Cristal partido |
Escrito por Jamil Alves | |
03-Ago-2016 | |
Saio do meu estado
letárgico das férias para voltar à vida normal. A letargia só teve alguns
sobressaltos causados pelos choques dos noticiários, e a saída do Reino Unido
da União Europeia, processo que ficou conhecido como Brexit, foi para mim o
fato mais marcante (falo da política, pois nada pode ser mais chocante que o
massacre com o caminhão em Nice, na França). Em muitos momentos da história, povos e nações foram movidos por desejos imperialistas (quem pode se esquecer de que, no século XIX, o sol nunca se punha no império britânico?), de expansão, de separatismo e de união. Neste último caso, costuma dar errado quando a integração econômica se dá antes e se sobrepõe à união política. Parece ser esse o caso da União Europeia.
Minha amiga Liliane Lemos
(Lili, difícil esse negócio de te chamar de Liliane, viu?) mora na Inglaterra
com seu marido italiano há alguns anos e me contou fatos interessantes a
respeito do que está na base dos acontecimentos do Brexit.
Jamil, desde que chegamos aqui,
pudemos perceber que já havia no ar um grande desconforto quanto ao número de
imigrantes em muitas cidades, principalmente em Londres. Virava e mexia, víamos
grupos, que se autodenominavam nazis, fazendo algum tipo de idiotice como
agressões ou pichações em alguns bairros.

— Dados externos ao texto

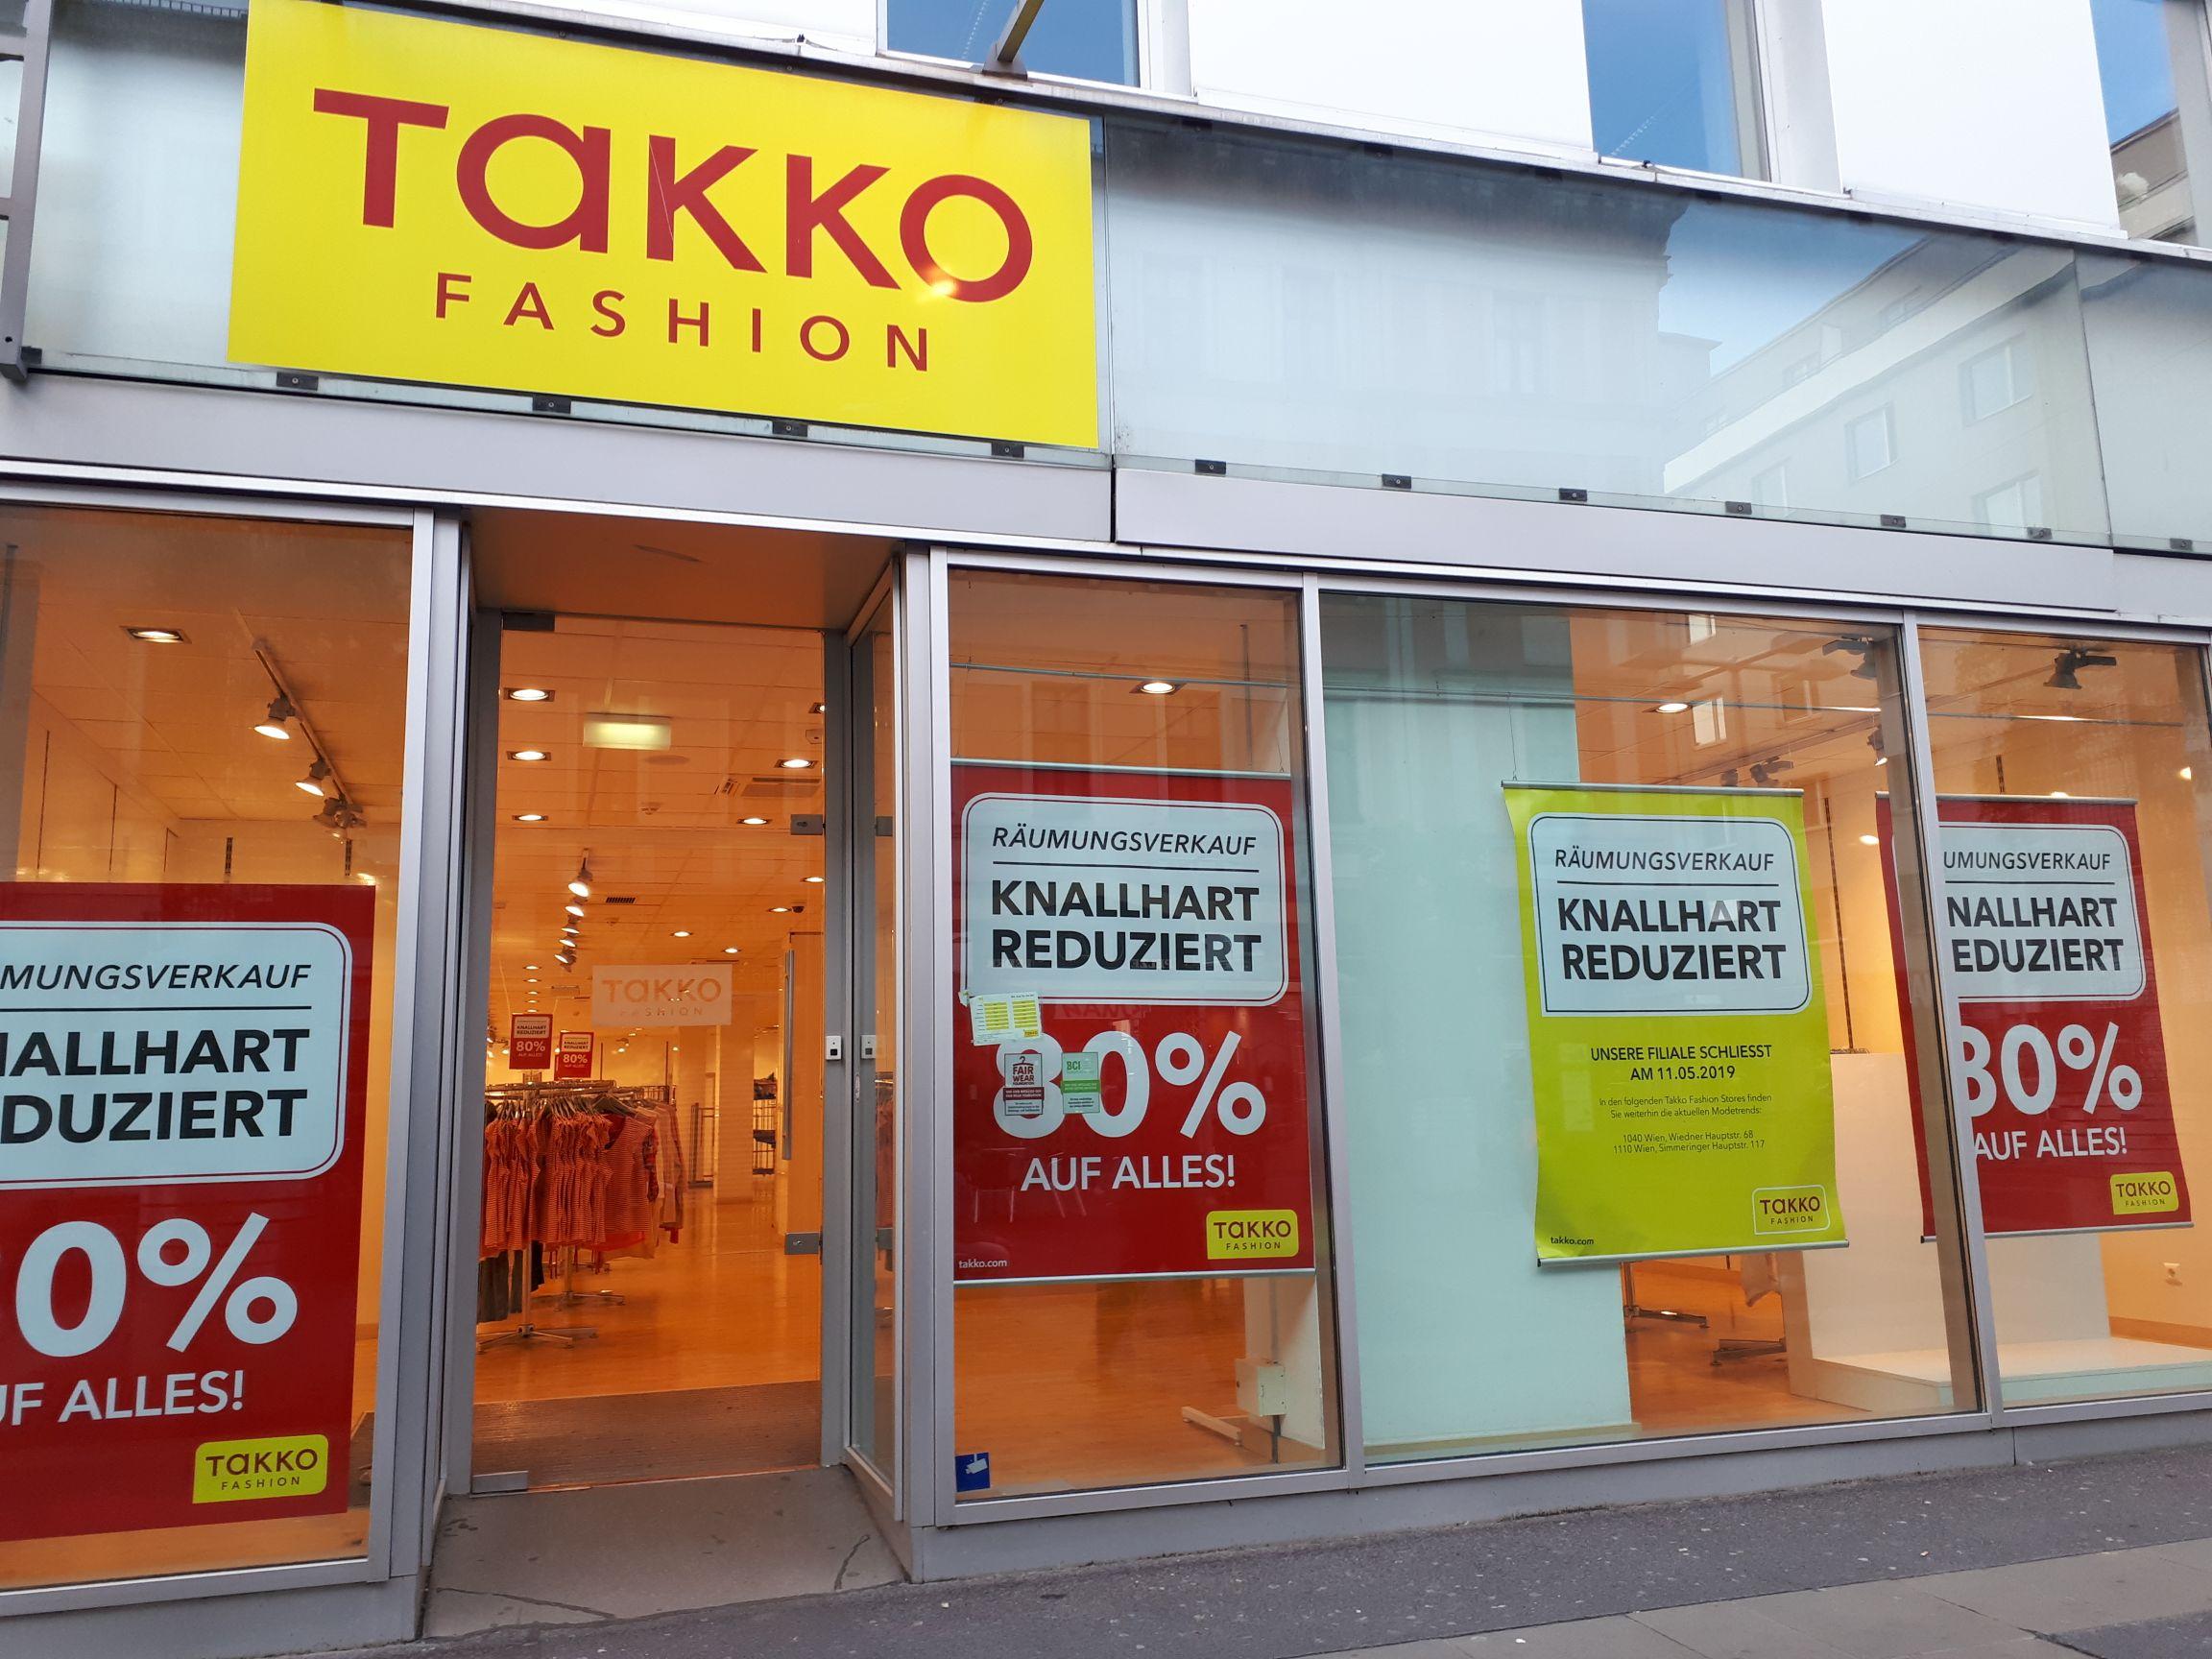 Takko Fashion in 1100 Wien: 80% auf ALLES!

O que me parece claro é que muitos
britânicos já não reconhecem o bairro onde nasceram, principalmente as pessoas
mais velhas. Muitos lugares estão perdendo a identidade britânica e
convertendo-se em uma fusão de culturas. E, quando o tema é identidade e
ideologias, aguenta que vem fogo, são questões que estão para muito além dos
motivos meramente econômicos.
O resultado do plebiscito não nos
surpreendeu. Converso com todos os tipos de pessoa e era evidente que isso iria
estourar. Nós temos um casal de amigos que votaram Leave (sair). Eles nos
disseram que o país está saturado, que não cabe mais ninguém. Eles não são
xenófobos nem pessoas horríveis, acho que eles têm certa razão e, ao mesmo
tempo, não têm. Afinal, aqui se reclama da imigração, porém os britânicos não
querem os empregos mais braçais, mais simples, que são, quase invariavelmente,
feitos por estrangeiros.
Esse
resultado pode dar uma falsa ideia de antipatia, de que é coisa de país
desenvolvido que se sente superior aos demais. No entanto, duvido que o
resultado no Brasil seria diferente se houvesse uma consulta popular
semelhante. Bastou o governo abrir vagas para médicos cubanos que a população
cuspiu imediatamente que não havia empregos suficientes nem para os
brasileiros. Pois bem, qual médico está disposto a ir trabalhar em “Xiririca do
Alto” ou no “Baixo Não Sei Onde”?
A
questão da soberania britânica também foi um ponto crucial: acostumada em ser
um império, especialmente a Inglaterra se viu obedecendo a regras que não
queria, pagando os impostos à União Europeia e não vendo muito progresso. Por
aqui, não se fala em outra coisa na tevê e nos jornais. Parece que, no fundo, essa
união só serviu para que todos imigrassem, para que fosse mais fácil um europeu
pular de um país para outro sem tantos empecilhos. Some-se a tudo isso a
campanha do Remain (permanecer), que
foi bem fraca.
Também
é preciso dizer que esse trânsito de pessoas é conflitivo com estes tempos de
terrorismo tão ostensivo. Lili trabalha em esferas ligadas ao governo, sinal de
celular bloqueado, tudo muito protegido por causa de espiões e de possíveis bombas.
Meio “filme de James Bond” o ambiente. É possível, e até bastante provável, que a União Europeia continue a se fragilizar e que um dia venha até a acabar como um cristal partido. No entanto, é difícil antever a natureza dos fatos que irão ocorrer até então. De qualquer forma, o Brexit sacode agora não só a Europa, mas o mundo inteiro. Em nenhum lugar se sabe se é melhor se juntar a grupos, se isso dá mais força a uma nação, ou se, ao contrário, encontra-se no separatismo e no protecionismo a chave da salvação dos destinos de um país.